From the obtained results, it was evident that the variation in head size, and therefore the introduction of a moment arm, significantly influenced the micromotions, conversely to the neck length variation, where, at the same moment arm, no important differences were observed compared to the reference configuration. From a different perspective, findings revealed how the implant offset variation due to different neck lengths, with consequent alterations of the hip contact force and location, appears less critical than the moment arm introduction. This outcome was consistent with the study by Arnholt et al.12, in which it was reported that the increase in the moment arm resulted in an increase in the bending moment and consequently in fretting corrosion. Furthermore, it is important to highlight the surgical implications of this aspect, as adjustments are often constrained to altering only the head size60. Nonetheless, even a slight increase in the HCF arising from a decrease in implant offset should be considered due to its implication in potentially accelerating implant wear over the long term, as in case of young patients undergoing early surgery.

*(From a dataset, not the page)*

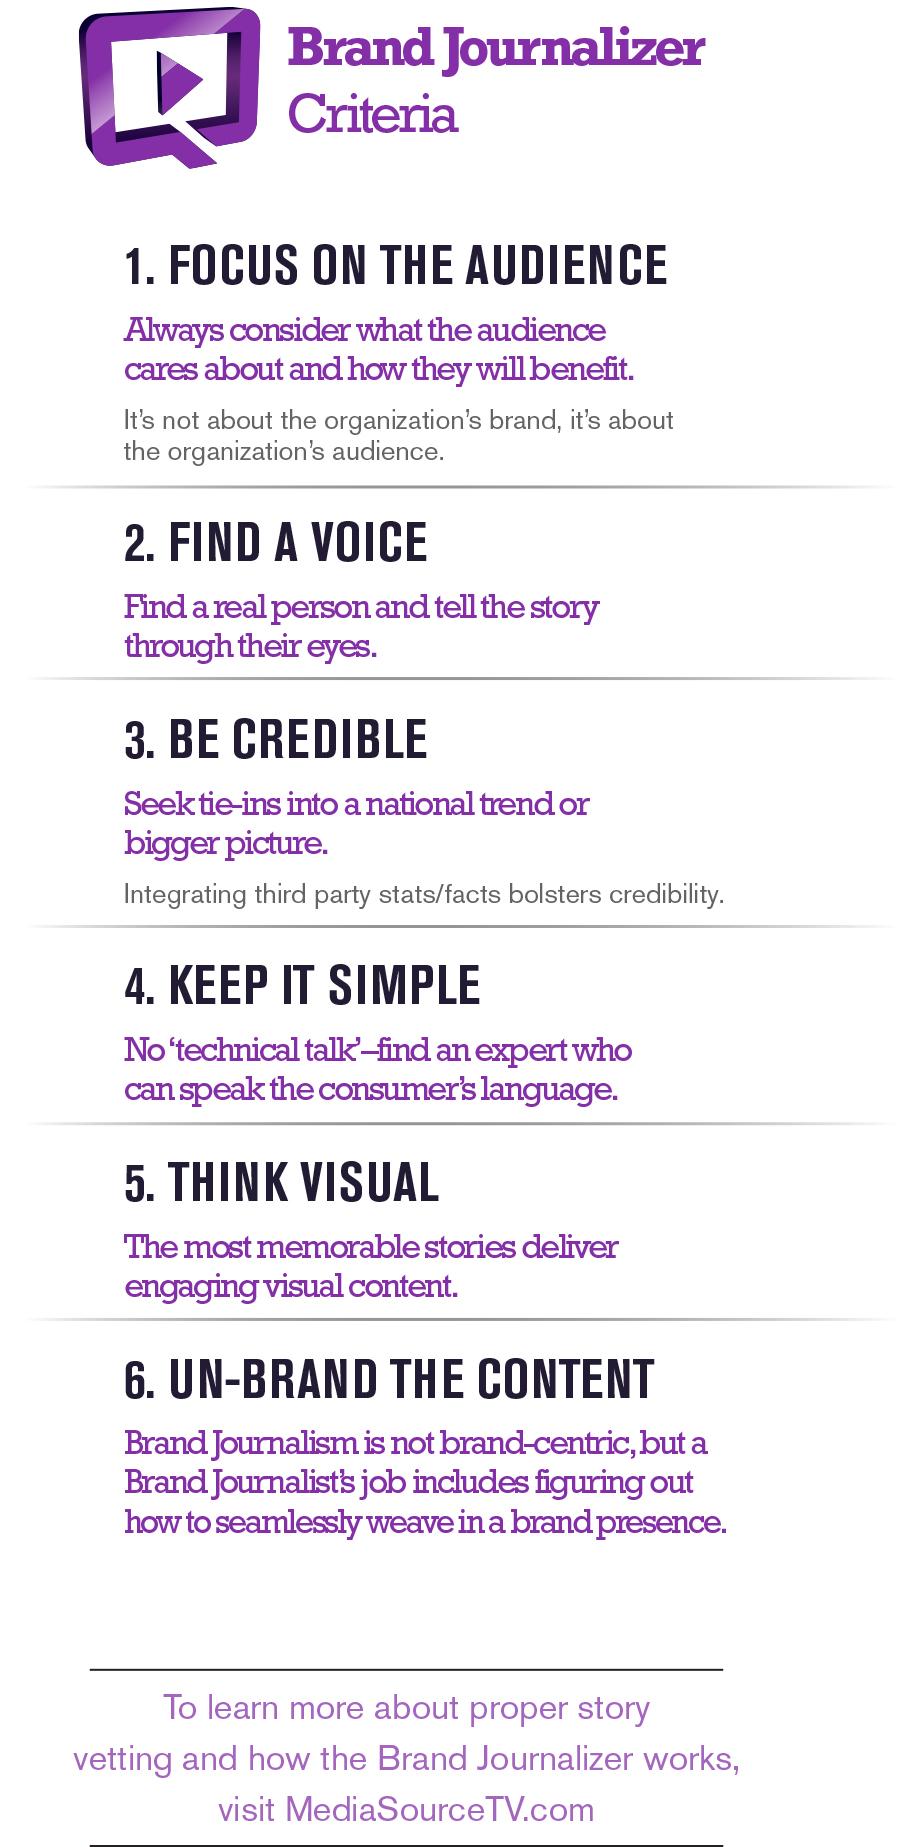 Brand_Journalizer_Criteria (1).jpg

The additional investigation conducted using a fixed point at the center of the head for the application of external loads varying the head size resulted in a boundary conditions bias, hindering the effect of the moment arm. Thanks to the MB model external loads were therefore applied at their specific contact point on the head surface, enabling the free readjustment of the center of rotation.

As a matter of fact, this study presents some limitations. The implemented MB model, although efficient in terms of computational costs, overlooks muscle activation dynamics with possible related co-contraction phenomena. Nevertheless, the chosen strategy for performing forward dynamics was deemed appropriate for the specific objectives of this study, which focuses on estimating customized load conditions and overcoming the investigation of muscle dynamics.

Regarding the FE analysis, the only perfect fit configuration was implemented which could be considered as the most stable condition23,32. It should be noted that in tip/base fit conditions, micromotions would be amplified by the reduction of the contact surface involving the variation of the contact center, hence, introducing a moment arm. Also, wear effects on the interface geometries were not taken into account since a condition immediately following implantation was investigated. Actually, the progression of implant wear will increase the micromotions present at the interface over time. Eventually, larger variations of the two design parameters under consideration (e.g., +10 mm) could be adopted, as also documented in other study24,61. However, the proposed variations were deemed sufficient to appreciate the influence of these parameters. Another simplification arises from the static application of the assembly load18. This assumption was adopted to reduce the computational cost of the simulations. Future work will be conducted to integrate the assessment of linear and volumetric wear rates at the taper junction by employing Archard’s wear law62.

In conclusion, the present study reaffirms the findings of retrieval studies, highlighting the criticality associated with the L-size due to the generation of a moment arm between the center of the femoral head and the center of pressure on the trunnion. MB and FE simulations were combined to provide a more realistic representation of the complex biomechanical behavior of a hip prosthesis during a walking task, yielding more comprehensive insights into the loading conditions experienced by the implant. Overall, it should be noted that with this study a detailed drawing of a taper junction is provided, which can constitute a common benchmark for future similar works or round-robin studies. Following a thorough analysis of boundary conditions, the relative sliding between the contacting surfaces was determined in both magnitude and directions, providing more accurate data for wear estimation. Finally, this study emphasizes concerns related to the importance of selecting the combination of implant components that, although resulting in equal offsets, can reduce the amount of micromotions, thus minimizing the risk of critical wear.